Sobre la cúpula de los árboles y la bóveda de los castaños, la Luna, fatigada, parecía descansar, parecía querer acostar aquellos rayos deshechos que lo envolvían todo con una niebla plateada y moribunda. Una poesía misteriosa, desprendida de la gasa impalpable, ligaba al cielo y a la tierra, uniéndolos en soberana armonía, y los ojos de la joven parecían también acostarse y descansar en el horizonte dibujado por las colinas, sobre el terciopelo luminoso del bosque percibido.
Y su corazón tejía sueños inefables con los rayos prolongados de la Luna...
Lucía tenía entonces de veintidós a veintitrés años. El escritor, al no disponer más que de palabras, tropieza con graves dificultades para mostrar la gracia de un rostro y hasta para describir cualquiera de sus rasgos. Tiene que anotarlos uno a uno, y no puede presentarlos en un conjunto inmediato. Si después de haber fijado el valor de los ojos quiere seguir con los contornos de la boca, se pierde la fisonomía en el intervalo y el retrato se escapa. La expresión, severa o jovial, pide, para ser recogida, el símbolo de una relación o de un color, única manera de que la persona se presente íntegramente. Pero Lucía no necesitaba de símbolos.
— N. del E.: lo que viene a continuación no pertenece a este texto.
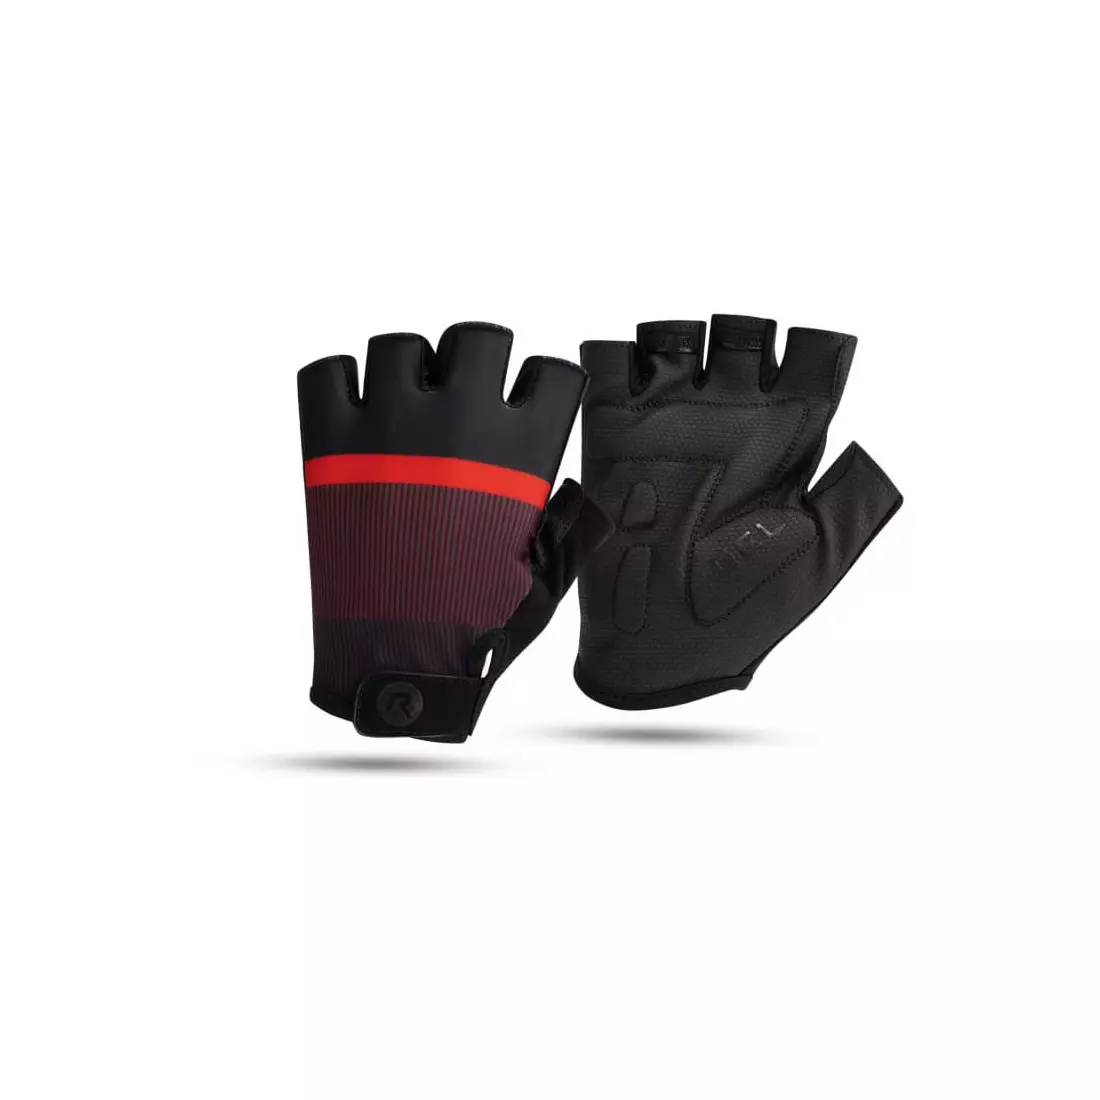 Rogelli HERO II cycling gloves, black and maroon

Un gran pintor, amigo de su padre, impresionado ante la melancolía y la dulzura de una niña delicada y dolorosa, había recogido el óvalo gracioso de aquella cara cuando Lucía contaba diez y seis años. En Las lamentaciones de la Tierra, uno de los últimos cuadros del maestro, la figura central recordaba exactamente a nuestra heroína.
Con una singular percepción adivinadora, el artista, cuyo corazón tenía a veces geniales clarividencias, evocaba en la imagen de la adolescente lo que precisa sufrir en la penosa ascensión de los dolores humanos, donde todas las debilidades y todas las inocencias son vencidas y pisoteadas por la fuerza, y donde las víctimas, representadas en el lienzo por mujeres, ascienden en demanda de justicia, aunque serenándose merced al solo hecho de ascender. Vagaba por los ojos de Lucía no se sabe qué melancolía aérea, y sus actitudes y su modo de andar procuraban advertir que no pertenecía a la tierra. Era una criatura de la que se hubiese dicho que ignoraba los menores contactos con la realidad. Existen personas ricas, criadas en medio del lujo, que han contraído hábitos de vida artificial, absolutamente ajenos a la vida verdadera. Si viajan, llevan un secretario, una especie de mayordomo, que les saca los billetes, les instala en el vagón, les reserva las habitaciones del hotel, les pasea, les suprime todas las molestias, y, consecuentemente, corta los hilos que les unen a los otros seres. esos hilos que van del hombre al propio suelo. Si están en su casa, una servidumbre numerosa llena las funciones que cada individuo debe realizar por su cuenta, y no se les deja ni tocar una tela. No han sentido la comunicación de la piel de sus manos con los objetos usuales, y jamás pueden gozar del conocimiento de las cosas.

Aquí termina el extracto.